OK, so you're saying the error is reporting the destination file is in use by another process before the copy operation completes.

>>2. You may not think other processes could access your file but there could be processes such as scheduled backups, background defrag etc.
>
>If that is the case, it would mean even the .TMP approach would fall into that error after we deploy that fix.

Yes, it might. If there was a backup running while you copy a file into a folder currently being backed up there could well be occasional contention. You could ask the netadmin if there were backup jobs running at the times you got the errors, so you would know if they could be the cause.

These days most Windows backups use Shadow Copy (aka VSS) so processes can continue to use a volume while it's being backed up. Your NAS probably doesn't run Windows so it won't have Shadow Copy, but it might have a similar technology. If it doesn't you could definitely get contention.

>>3. Is antivirus real-time scanning in play on the source computer, destination computer or the one throwing the error you're seeing? Is it always different files that cause the error? Are they particularly large, or do they have an extension (e.g. .EXE) that might make AV pay them special attention?
>
>It is just at one location.
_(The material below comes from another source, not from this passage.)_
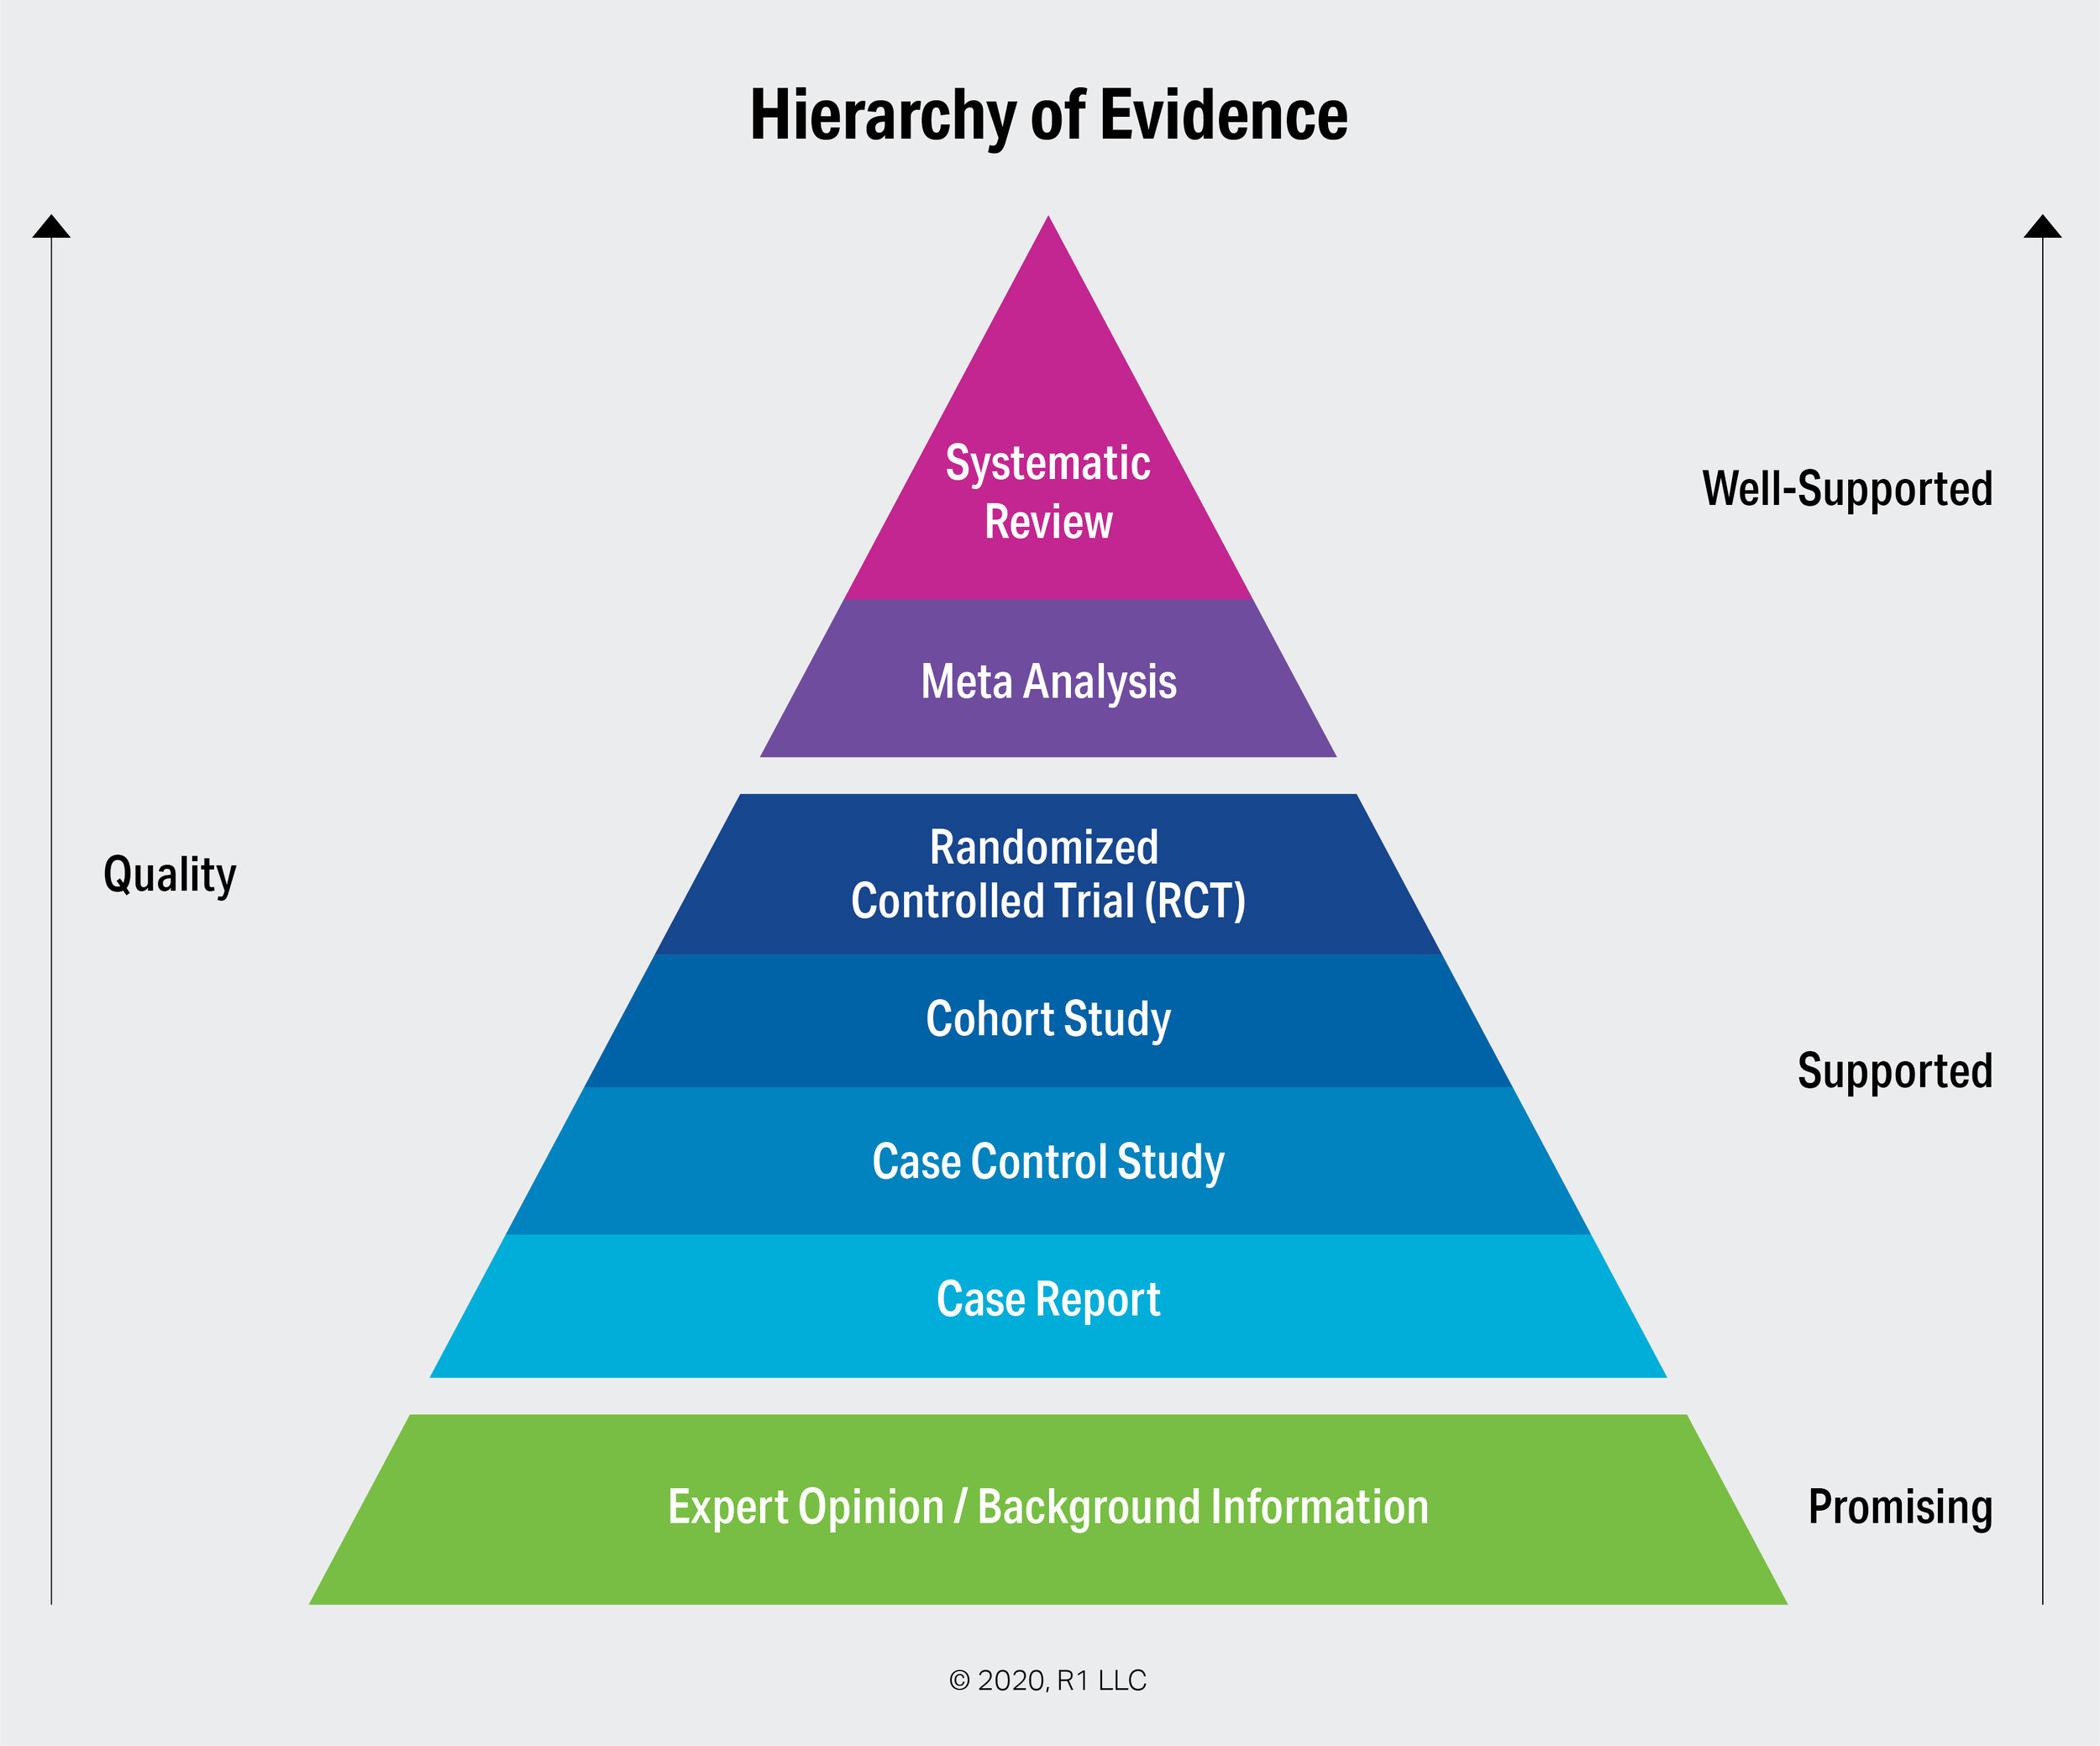 case study on evidence based policy
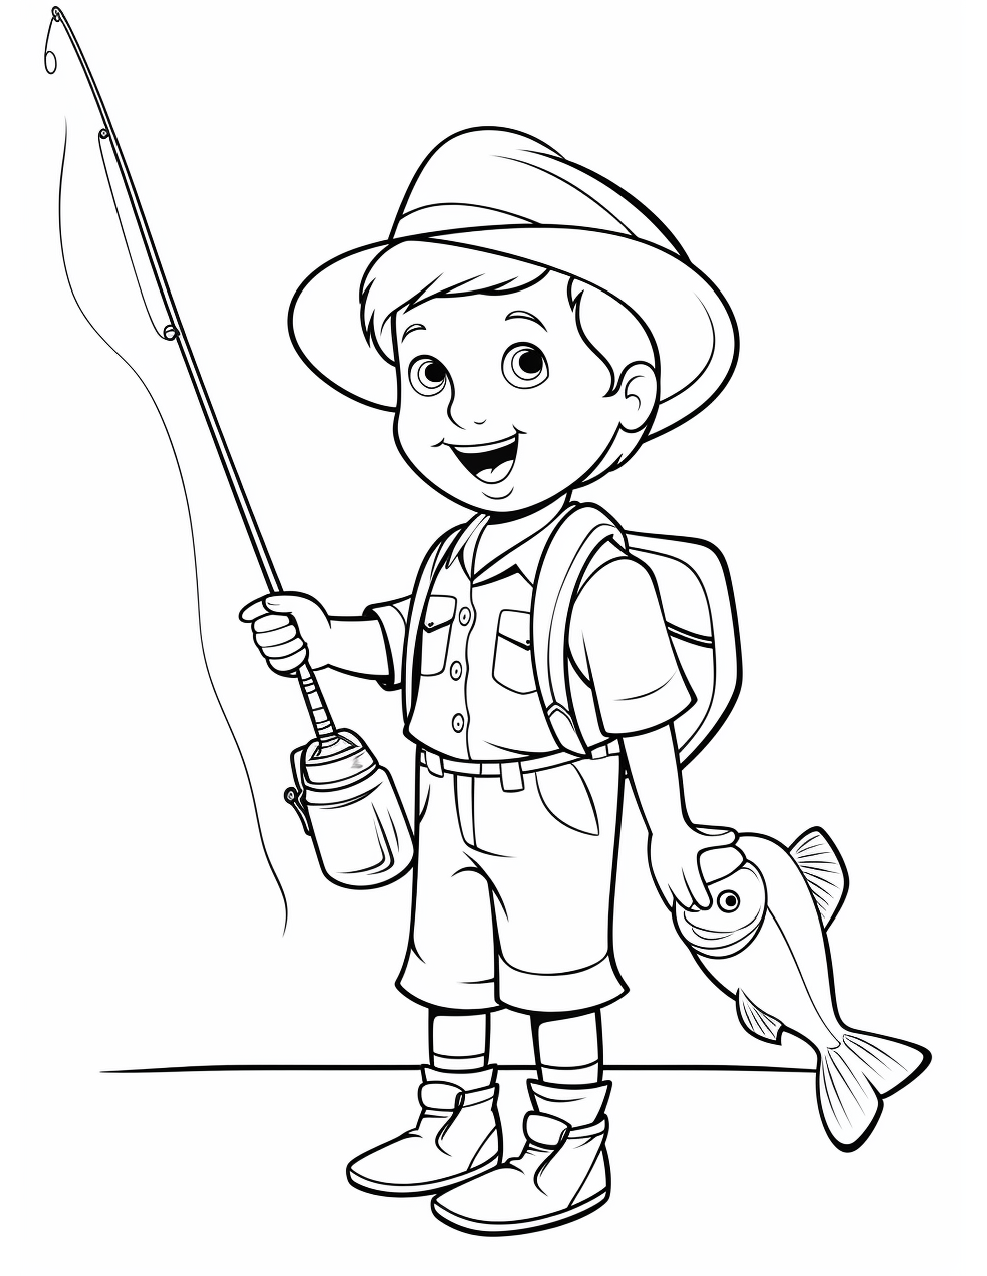 Skip to my Lou - Fishing Coloring Pages - Line drawing of a boy holding a fishing rod and a fish

With millions of files being copied on a weekly basis, I would probably eliminate that possibility from the loop.

I wouldn't be so sure... occasional or rare problems like this is exactly what you can get with AV that's either buggy or can't keep up with high I/O levels.

>>4. Is the source file on a NAS? My understanding is NAS support for simple file operations such as copying is good but if all else fails it might be worth investigating
>
>The source is from a NAS so is the destination, from the same NAS BTW.

Do you know if the NAS has deduplication (dedupe)? If so, that would come into play if both the source and destination were the same NAS. Again, my understanding is systems that support it work well with basic file operations but it could be another complication.